Investors are looking for avenues that help them grow their money and achieve their financial goals. Investing in stock markets is one such avenue that can help investors grow their money over the long term. But investing in the stock market may not be easy for the first-time investor. Mutual Fund investments on the other hand simplify the process of investing in a pool of diversified stocks, thus taking the hassle out of stock selection for beginners by allowing them to invest in mutual funds.

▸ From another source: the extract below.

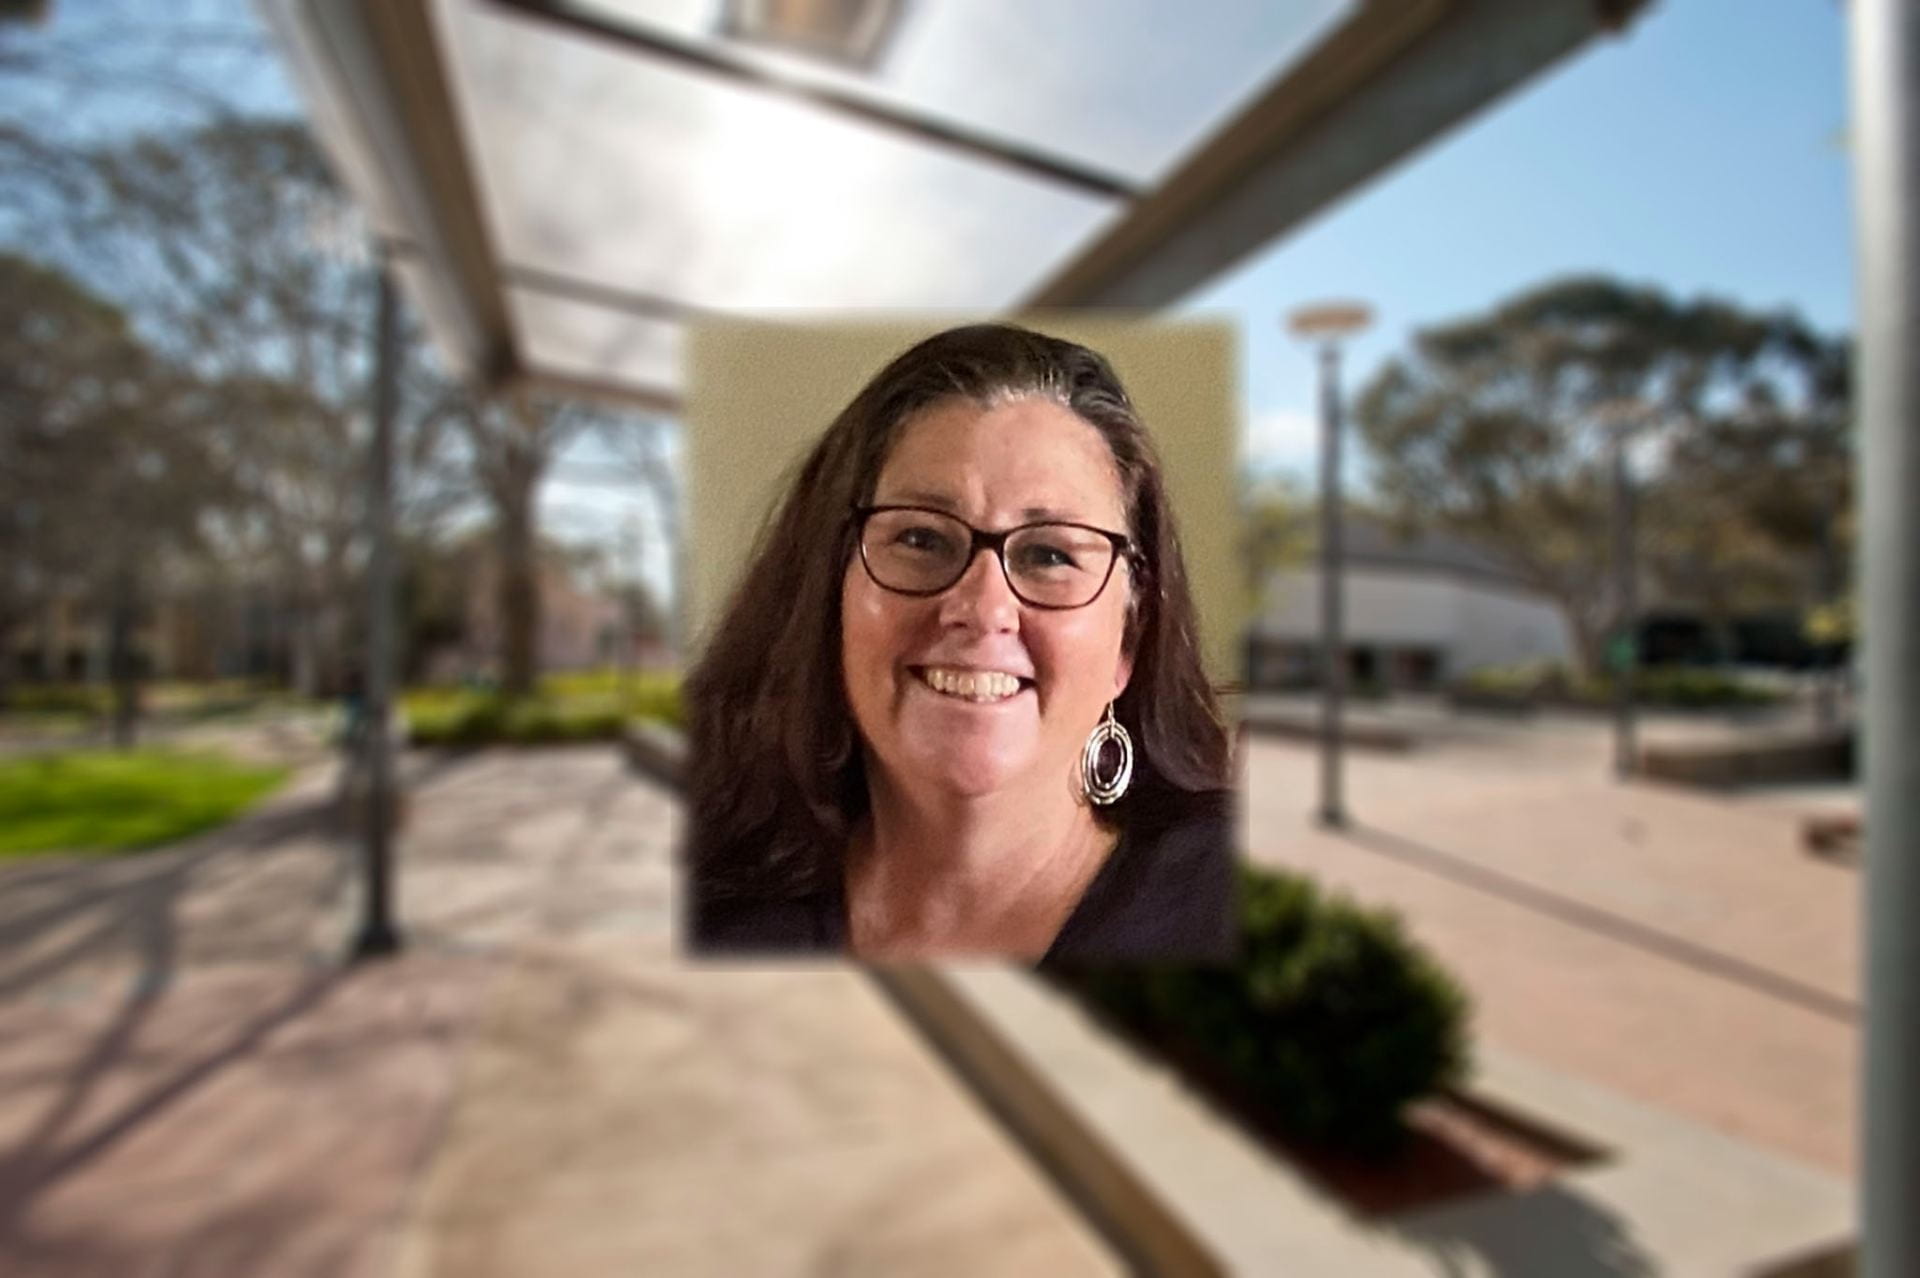 Portrait image of UNE Sue Smith against a blurred background of a university setting

The meaning of mutual funds is that it is a financial instrument that essentially collects money from investors and puts them in a basket of diversified securities. Let’s understand more about mutual funds and its types.
Types of Mutual Funds
There are three types of mutual funds classified based on their underlying assets. These include:
- Equity Mutual Funds: Equity Mutual Fund is a type of mutual fund that invests in stocks that have the potential to grow and generate wealth over the long term. These funds can, in turn, be classified based on market capitalization, i.e. Large cap, Midcap and Small-cap. It can also be classified based on a theme or a sector such as healthcare or IT. Investors can choose equity funds based on their investment horizon and their financial goal.
- Debt Mutual Funds: Debt Mutual Fund is a type of mutual fund that invests in fixed income securities issued by the Government or corporates. These include treasury bills, certificates of deposit, debentures, corporate bonds, etc. These can be classified based on their duration (short-term or Long Term Debt Funds called Gilt Funds).
- Hybrid Mutual Funds: This is a type of mutual fund that invests in debt, equity-related instruments and gold or other commodity. The objective of this fund is to balance the risk-reward potential for its investors. The equity component enables capital appreciation thereby generating wealth for investors while the debt component acts as a portfolio diversifier and diversify the impact of volatility.